Unsupervised Representation Learning for Homogeneous, Heterogeneous, and Tree-like Graphs

Abstract: 그래프 데이터에 대한 비지도 표현 학습의 목적은 그래프의 구조와 노드의 속성을 잘 반영하는 유용한 노드 단위 혹은 그래프 단위의 벡터 형태 표현을 학습하는 것이다. 최근, 그래프 데이터에 대해 강력한 표현 학습 능력을 갖춘 그래프 신경망을 활용한 비지도 그래프 표현 학습 모델의 설계가 주목을 받고 있다. 많은 방법들은 한 종류의 엣지와 한 종류의 노드가 존재하는 동종 그래프에 대한 학습에 집중을 한다. 하지만 이 세상에 수많은 종류의 관계가 존재하기 때문에, 그래프 또한 구조적, 의미론적 속성을 통해 다양한 종류로 분류할 수 있다. 그래서, 그래프로부터 유용한 표현을 학습하기 위해서는 비지도 학습 프레임워크는 입력 그래프의 특징을 제대로 고려해야만 한다. 본 학위논문에서 우리는 널리 접할 수 있는 세가지 그래프 구조인 동종 그래프, 트리 형태의 그래프, 그리고 이종 그래프에 대한 그래프 신경망을 활용하는 비지도 학습 모델들을 제안한다.

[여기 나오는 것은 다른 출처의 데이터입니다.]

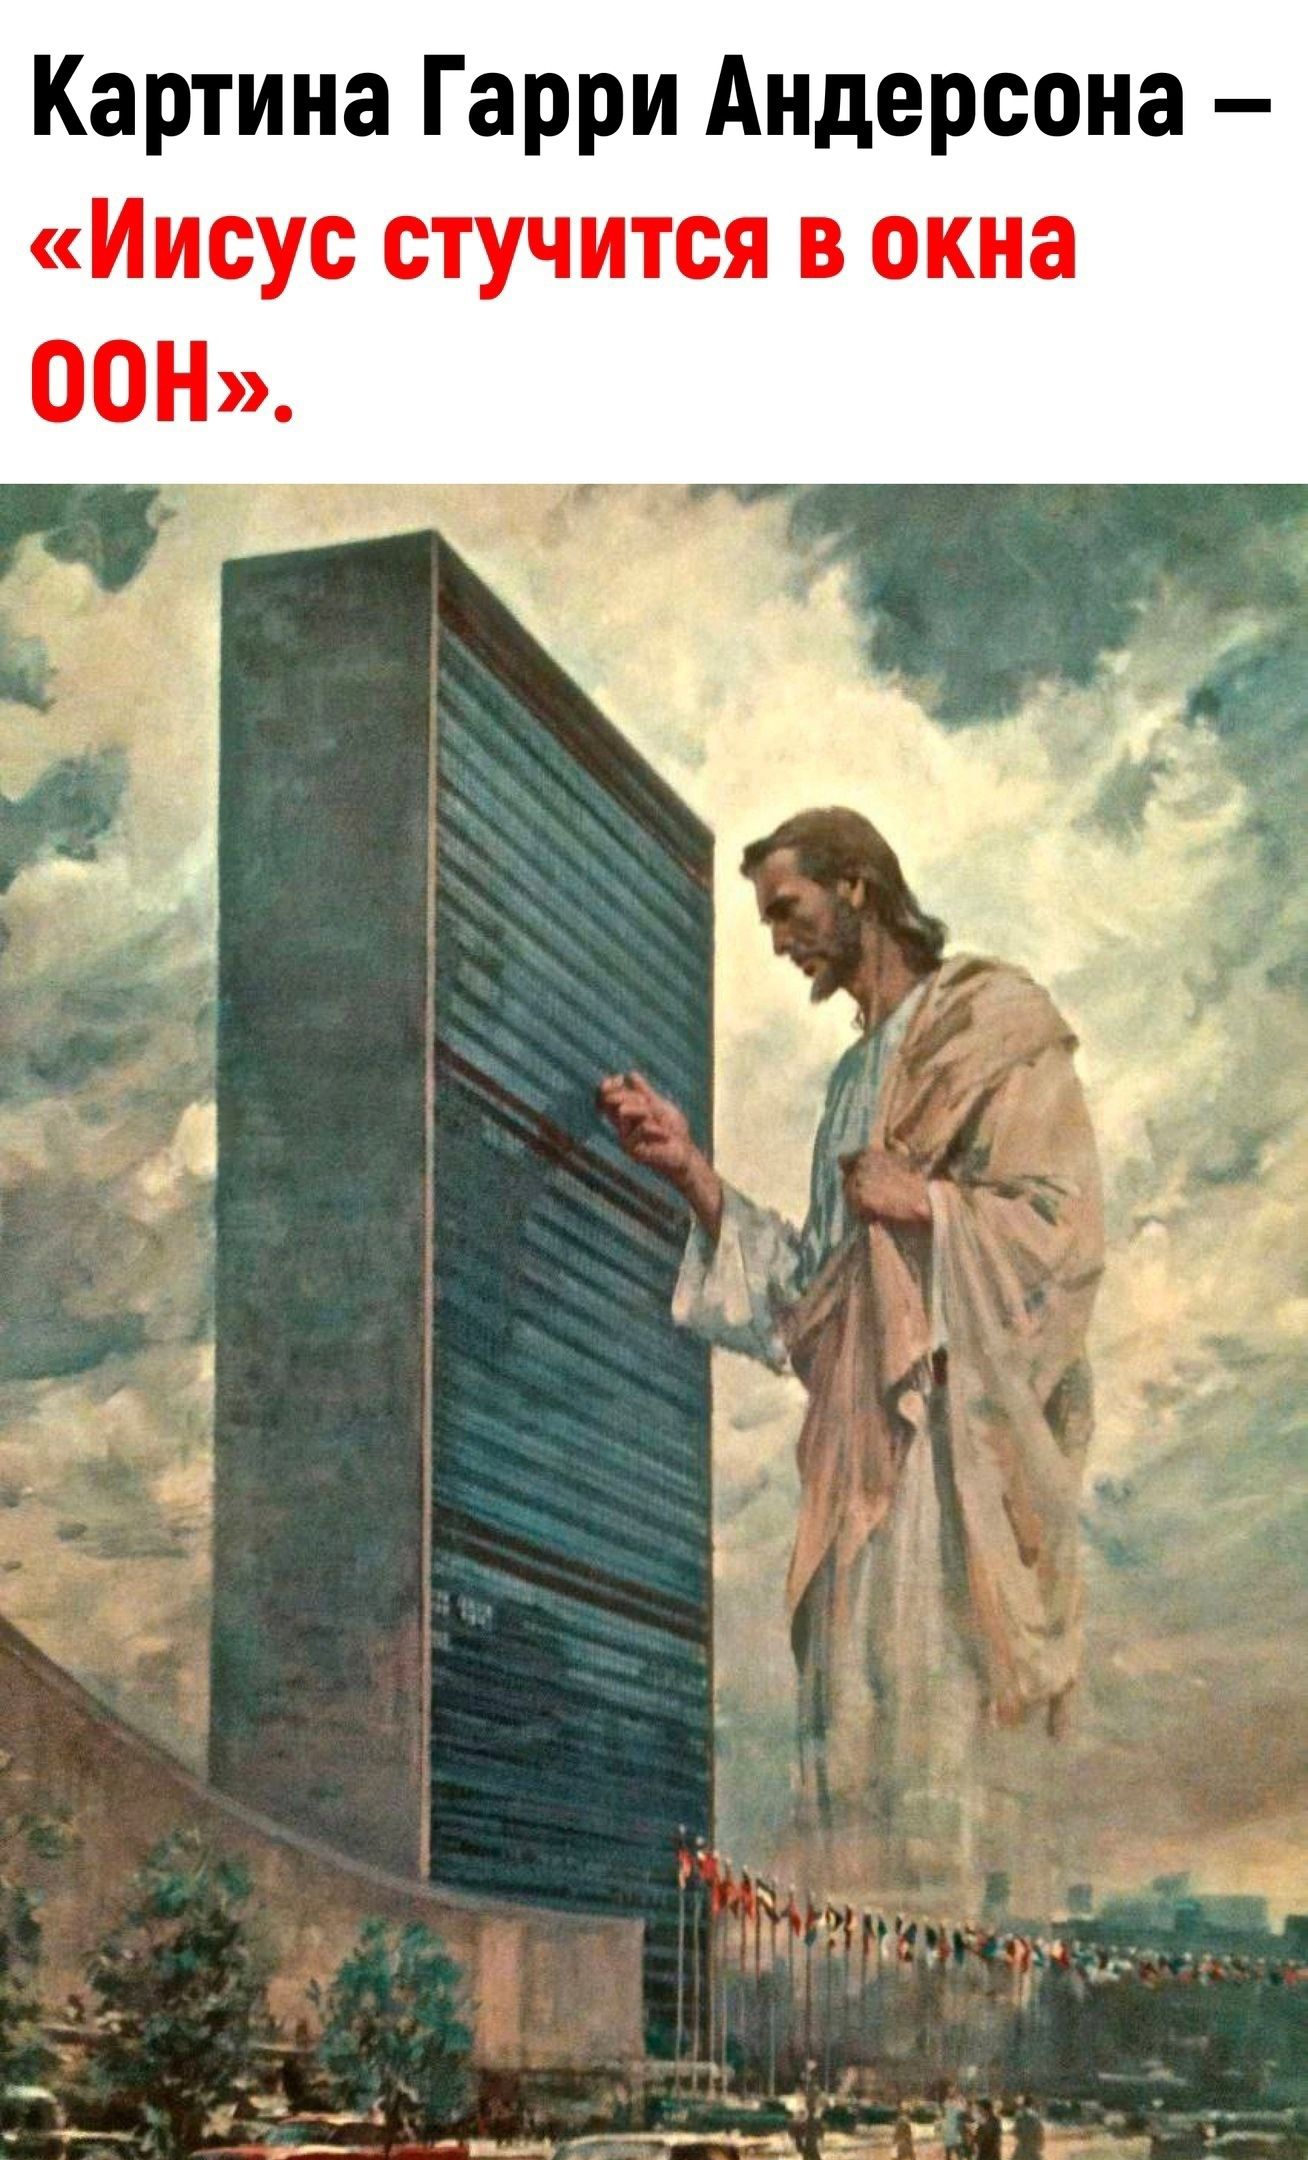 Картина Гарри Андерсона Иисус стучится в окна ООН

처음으로, 우리는 동종 그래프의 노드에 대하여 저차원 표현을 학습하는 그래프 컨볼루션 오토인코더 모델을 제안한다. 기존의 그래프 오토인코더는 구조의 전체가 학습이 불가능해서 제한적인 표현 학습 능력을 가질 수 있는 반면에, 제안하는 오토인코더는 노드의 피쳐를 복원하며,구조의 전체가 학습이 가능하다. 노드의 피쳐를 복원하기 위해서, 우리는 인코더 부분의 역할이 이웃한 노드끼리 유사한 표현을 가지게 하는 라플라시안 스무딩이라는 것에 주목하여 디코더 부분에서는 이웃 노드의 표현과 멀어지게 하는 라플라시안 샤프닝을 하도록 설계하였다. 또한 라플라시안 샤프닝을 그대로 적용하면 불안정성을 유발할 수 있기 때문에, 엣지의 가중치 값에 음의 값을 줄 수 있는 부호형 그래프를 활용하여 안정적인 라플라시안 샤프닝의 형태를 제안하였다. 동종 그래프에 대한 노드 클러스터링과 링크 예측 실험을 통하여 제안하는 방법이 안정적으로 우수한 성능을 보임을 확인하였다.

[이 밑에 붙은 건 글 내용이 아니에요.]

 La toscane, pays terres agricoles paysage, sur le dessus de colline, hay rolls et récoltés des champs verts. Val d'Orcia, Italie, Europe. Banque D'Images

둘째로, 우리는 트리의 형태를 가지는 계층적인 관계를 가지고 있는 그래프의 노드 표현을 정확하게 학습하기 위하여 쌍곡선 공간에서 동작하는 오토인코더 모델을 제안한다. 유클리디언 공간은 트리를 사상하기에 부적절하다는 최근의 분석을 통하여, 쌍곡선 공간에서 그래프 신경망의 레이어를 활용하여 노드의 저차원 표현을 학습하게 된다. 이 때, 그래프 신경망이 쌍곡선 기하학에서 계층 정보를 담고 있는 거리의 값을 활용하여 노드의 이웃사이의 중요도를 활용하도록 설계하였다. 우리는 논문 인용 관계 네트워크, 계통도, 이미지 사이의 네트워크등에 대해 제안한 모델을 적용하여 노드 클러스터링과 링크 예측 실험을 하였으며, 트리의 형태를 가지는 그래프에 대해서 제안한 모델이 유클리디언 공간에서 수행하는 모델에 비해 향상된 성능을 보였다는 것을 확인하였다.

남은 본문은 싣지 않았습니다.